Open carlos19silva94 opened 7 years ago
You can install praw even if you don't use it.
Alternatively you can remove the following lines:
import dataset_builder
and
dataset_builder.download_reddit_news_data()
from train.py.
I still got some errors:
Traceback (most recent call last): File "train.py", line 23, in <module> with open('wordsEn.txt') as f: IOError: [Errno 2] No such file or directory: 'wordsEn.txt'
i created that file and copied the content from clickbait.dat and then got this
`Processing dataset
Train size: 12336
Validazion size: 1449
Test size: 723
Traceback (most recent call last):
File "train.py", line 55, in <module>
train_set = vectorizer.fit_transform(train_set, train_labels)
File "/usr/local/lib/python2.7/dist-packages/sklearn/feature_extraction/text.py", line 1352, in fit_transform
X = super(TfidfVectorizer, self).fit_transform(raw_documents)

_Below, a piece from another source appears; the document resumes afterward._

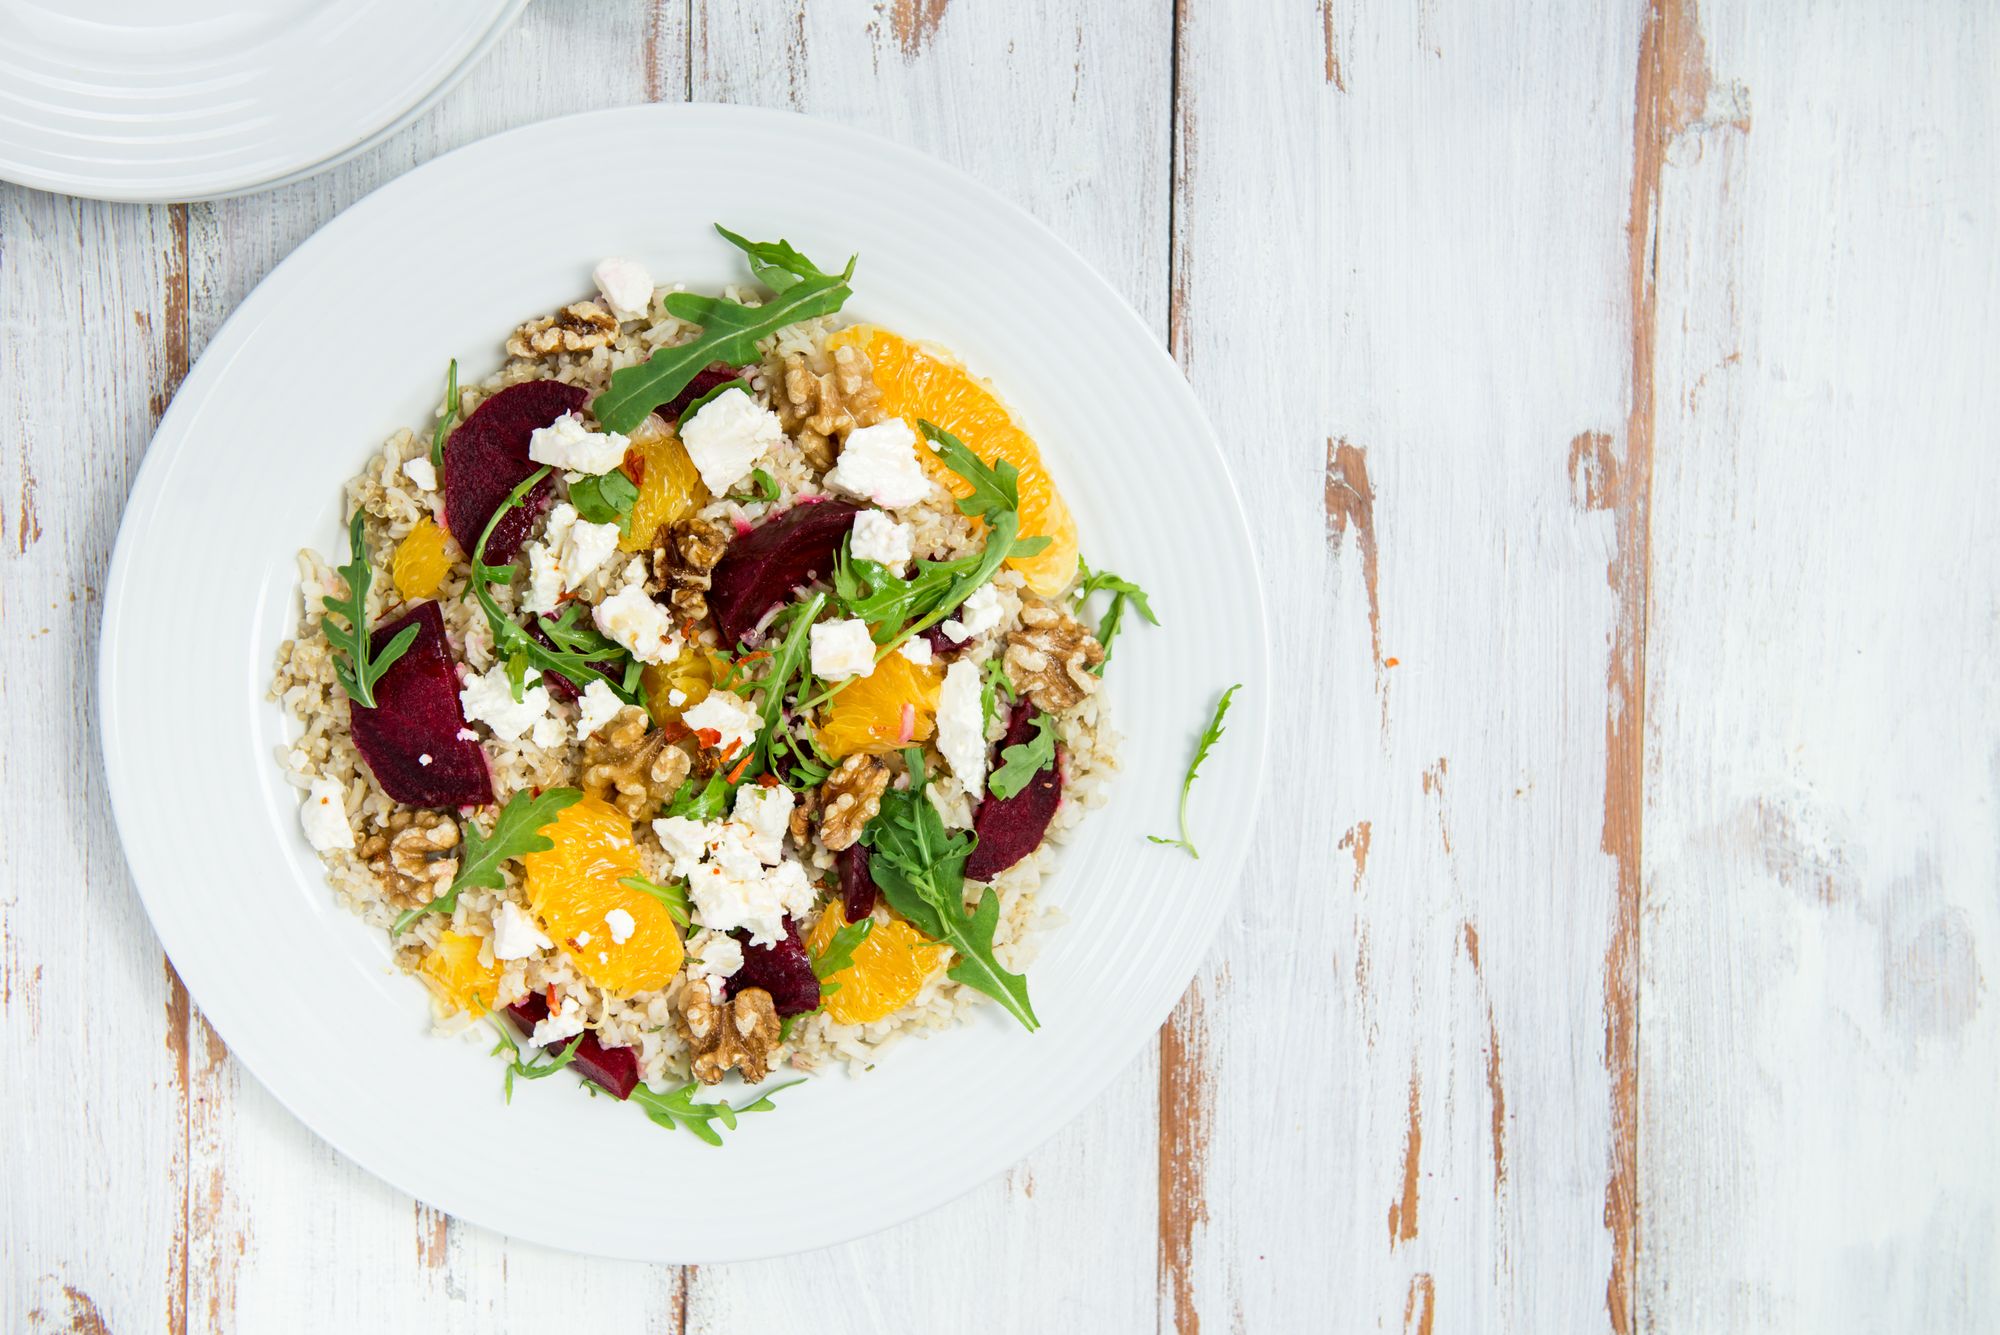 Beetroot, Walnut and Goats’ Cheese Salad

File "/usr/local/lib/python2.7/dist-packages/sklearn/feature_extraction/text.py", line 839, in fit_transform
self.fixed_vocabulary_)
File "/usr/local/lib/python2.7/dist-packages/sklearn/feature_extraction/text.py", line 762, in _count_vocab
for feature in analyze(doc):
File "/usr/local/lib/python2.7/dist-packages/sklearn/feature_extraction/text.py", line 241, in <lambda>
tokenize(preprocess(self.decode(doc))), stop_words)
File "train.py", line 13, in tokenize
tokens = nltk.word_tokenize(text)
File "/usr/local/lib/python2.7/dist-packages/nltk/tokenize/__init__.py", line 130, in word_tokenize
sentences = [text] if preserve_line else sent_tokenize(text, language)

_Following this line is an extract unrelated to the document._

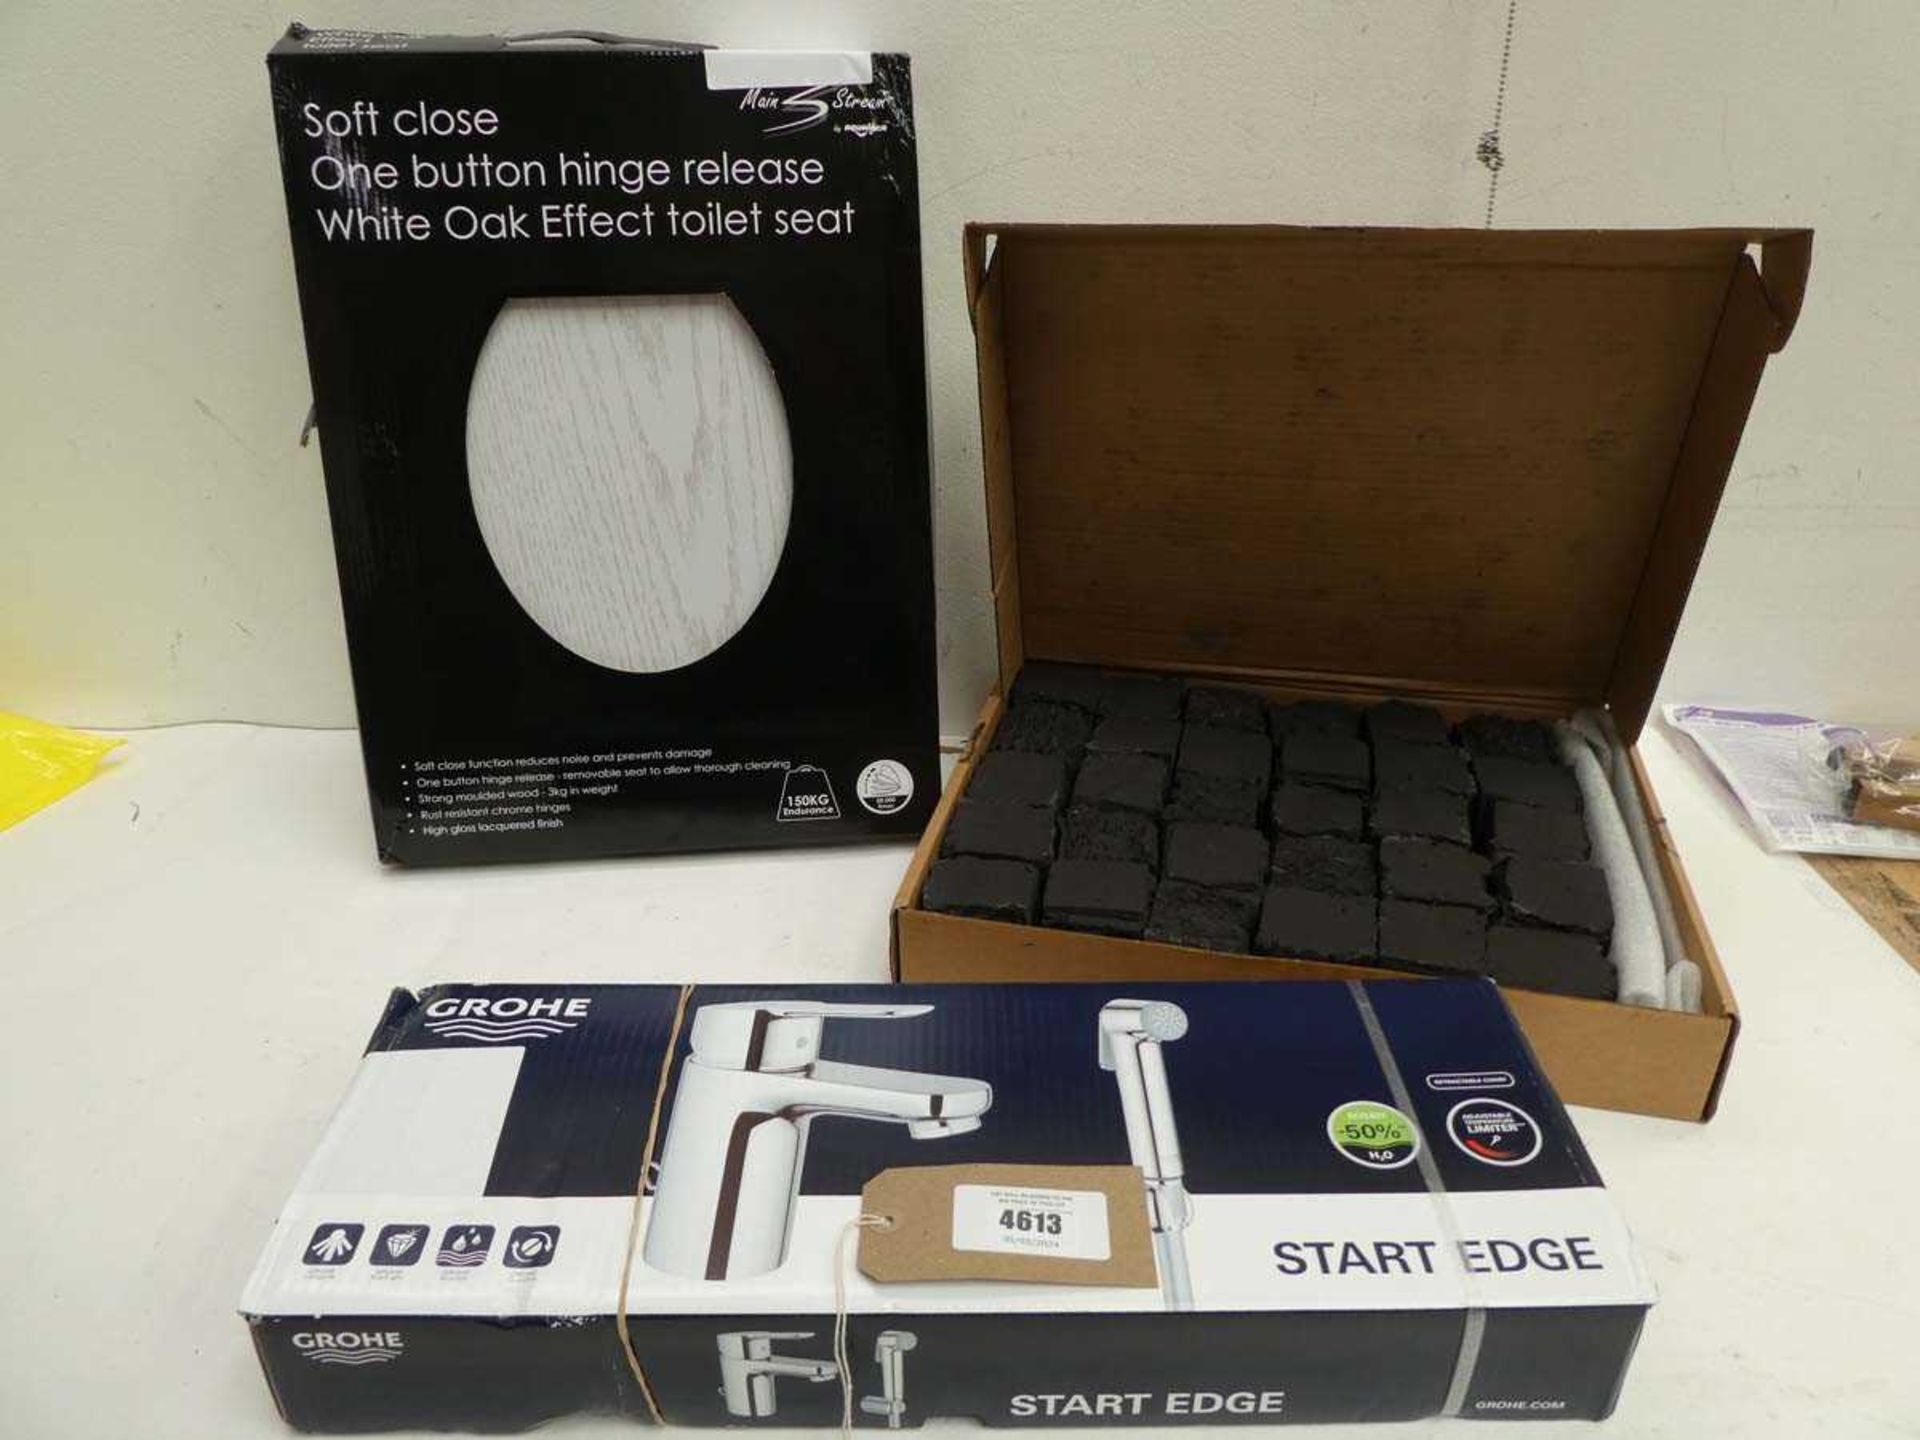 +VAT Soft Close white oak effect toilet seat, Grohe Start Edge mixer tap and box of gas fire

File "/usr/local/lib/python2.7/dist-packages/nltk/tokenize/__init__.py", line 96, in sent_tokenize
tokenizer = load('tokenizers/punkt/{0}.pickle'.format(language))

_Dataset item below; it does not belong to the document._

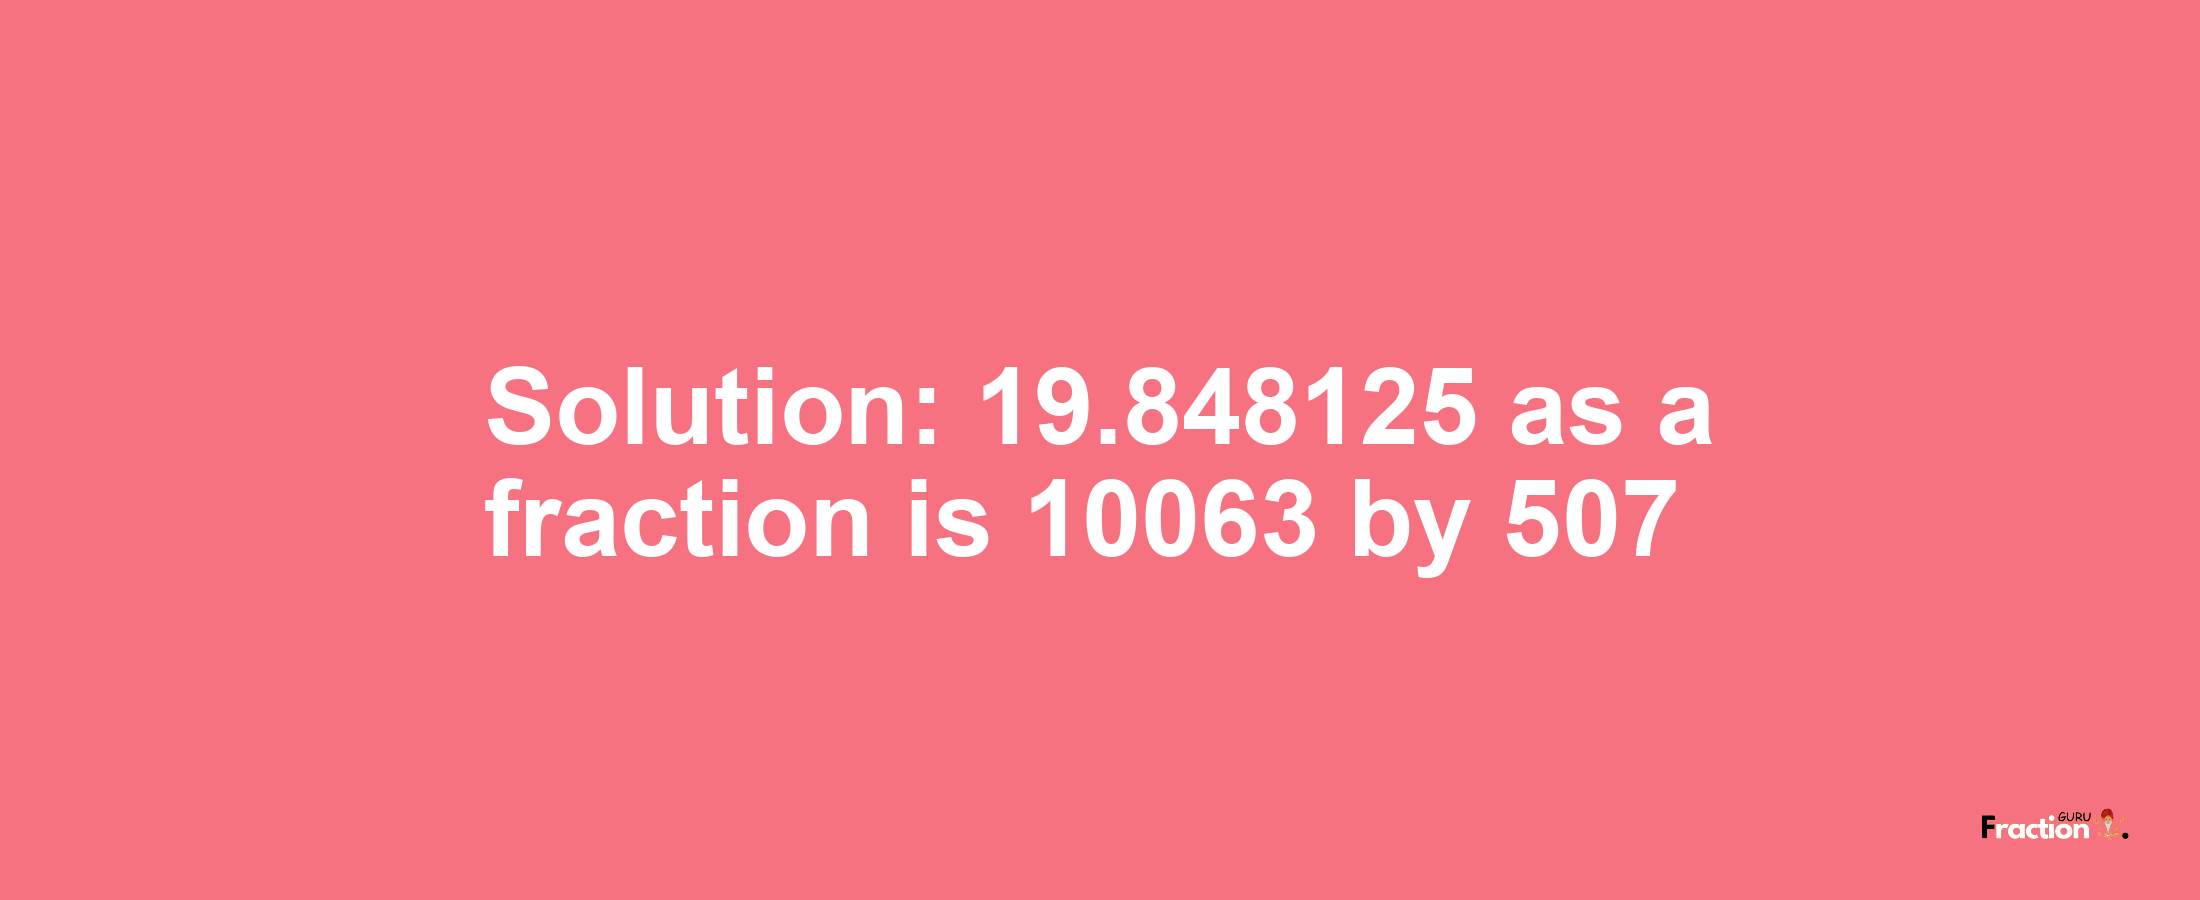 Solution:19.848125 as a fraction is 10063/507

File "/usr/local/lib/python2.7/dist-packages/nltk/data.py", line 814, in load
opened_resource = _open(resource_url)
File "/usr/local/lib/python2.7/dist-packages/nltk/data.py", line 932, in _open
return find(path_, path + ['']).open()
File "/usr/local/lib/python2.7/dist-packages/nltk/data.py", line 653, in find
raise LookupError(resource_not_found)
LookupError:
**********************************************************************
Resource u'tokenizers/punkt/english.pickle' not found. Please
use the NLTK Downloader to obtain the resource: >>>
nltk.download()
Searched in:
- '/home/vagrant/nltk_data'
- '/usr/share/nltk_data'
- '/usr/local/share/nltk_data'
- '/usr/lib/nltk_data'
- '/usr/local/lib/nltk_data'
- u''
`
PS - if you have other contact method better than this issues panel :)
Like it says in the error you first have to run nltk.download() from the python console.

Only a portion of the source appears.